From program bytes to gray pictures
The authors focus on Windows executable files, the kind of programs that commonly spread malware on laptops, desktops, and servers. Instead of dissecting each file by hand or running it in a controlled lab, they read its raw bytes straight through and map each byte to a pixel in a grayscale image. The result is a 224×224 black‑and‑white picture whose textures and blocks reflect structure inside the file: code regions, padding, encrypted payloads, and more. Every file in their dataset is treated this way, whether it is harmless software or one of 33 distinct malware variants spanning five broad families such as ransomware and spyware. 
One model, three answers at once
On top of these images, the team builds a deep‑learning system that works like an experienced customs officer. With a single glance at an incoming picture, it answers three questions at once: Is this file benign or malicious? If malicious, which broad family does it belong to? And which specific variant best describes it? The core of the system is a convolutional network, the same kind of architecture used for everyday image recognition. This shared backbone learns general visual features from the grayscale pictures. Above it sit three parallel output branches that specialize in the three decision levels, so the system can learn how coarse and fine‑grained patterns relate to each other instead of treating each task separately.

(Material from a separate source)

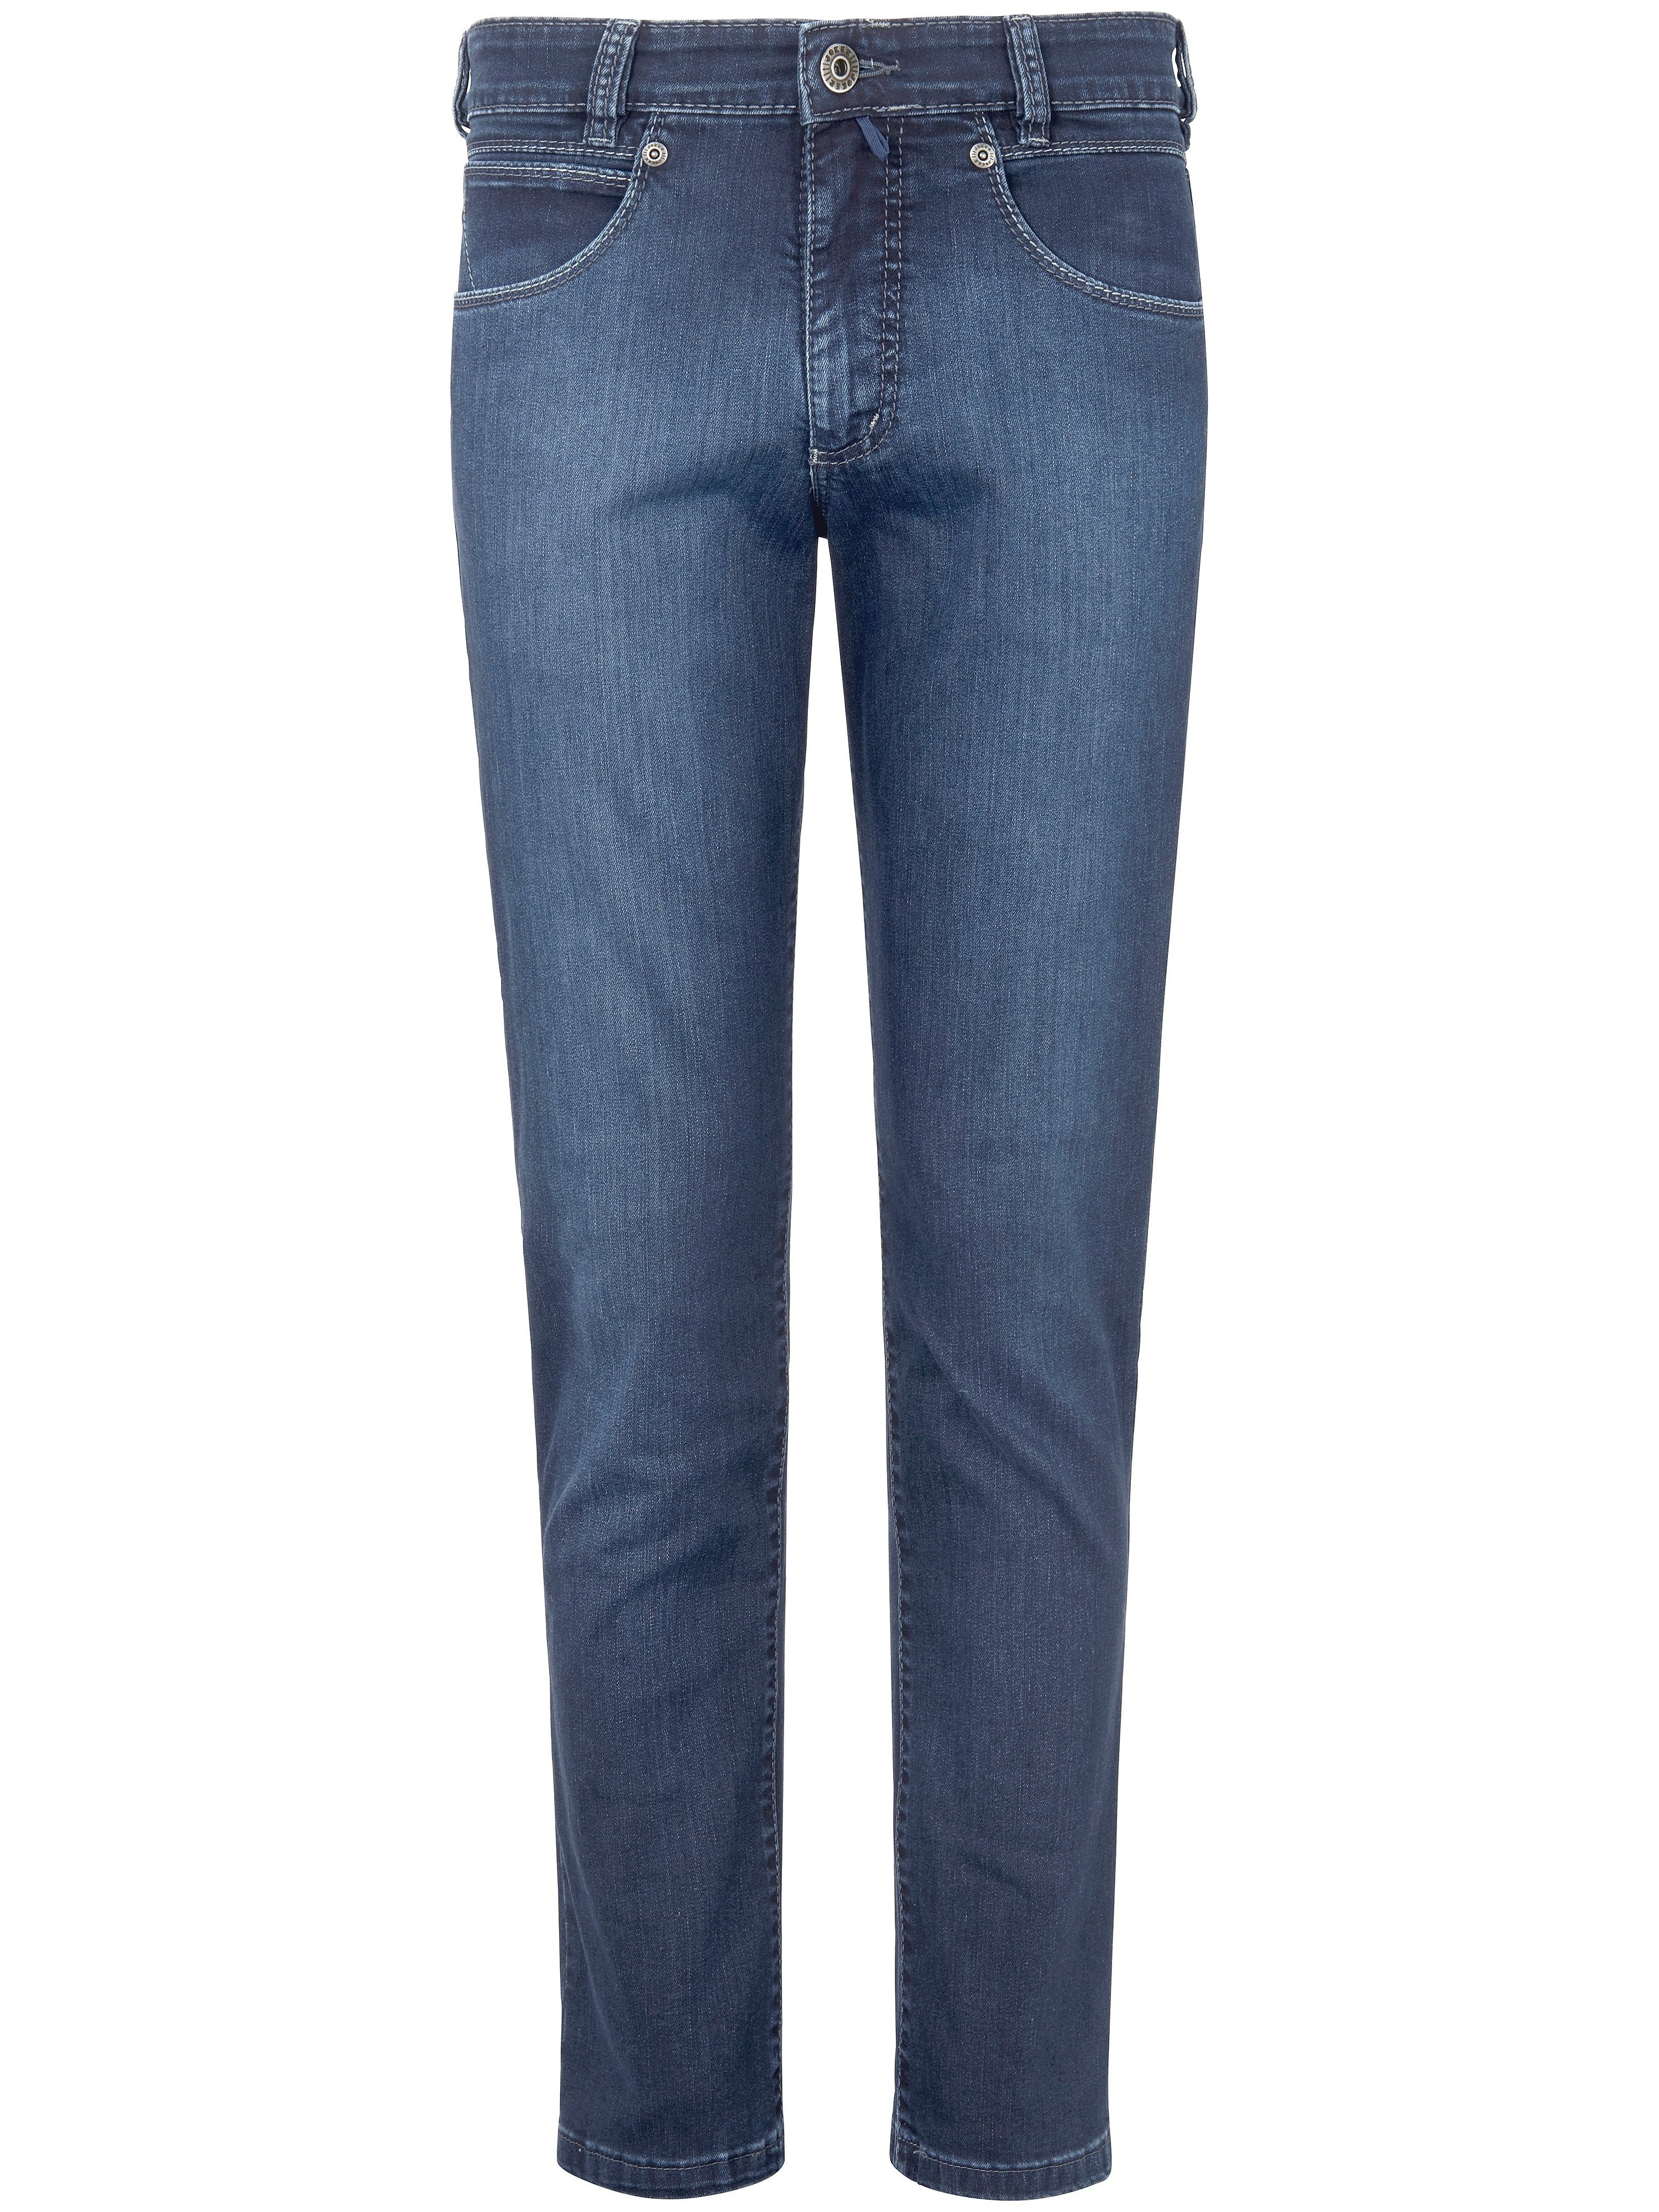 Le jean modèle Freddy  JOKER bleu taille 33

Three ways to read hidden structure
To probe what design works best, the authors test three “hybrid” versions of the model. In one, a temporal convolution head treats the flattened image like a sequence and uses dilated filters to connect distant regions, capturing long‑range patterns scattered across the file. A second version adds a capsule‑based head that keeps track of how small parts combine into larger structures, aiming to distinguish closely related variants that share many components. The third version uses a bidirectional sequence layer that reads the image both left‑to‑right and right‑to‑left, mimicking how context on either side of a region can change its meaning. All three are trained on exactly the same balanced dataset, with equal representation of each malware variant and of benign files, to ensure that performance differences reflect architecture rather than data quirks. 
How well does it work?
Across more than 3,000 held‑out test images, the hybrids perform strikingly well. For the simplest question—“malicious or not?”—two of the three reach a flawless 100% accuracy, and the third misses only a handful of benign files, erring on the side of caution. When asked to name the broader family, accuracy remains very high at 97–98%, with only occasional confusion between behaviorally similar groups such as spyware and trojans. The toughest test is to name the exact variant among 33 options. Even here, all three models reach 93–94% accuracy using nothing but grayscale images, and detailed score breakdowns show that most variants are recognized with very high reliability. One design, pairing the convolutional backbone with temporal convolutions, offers the most balanced performance across all variants.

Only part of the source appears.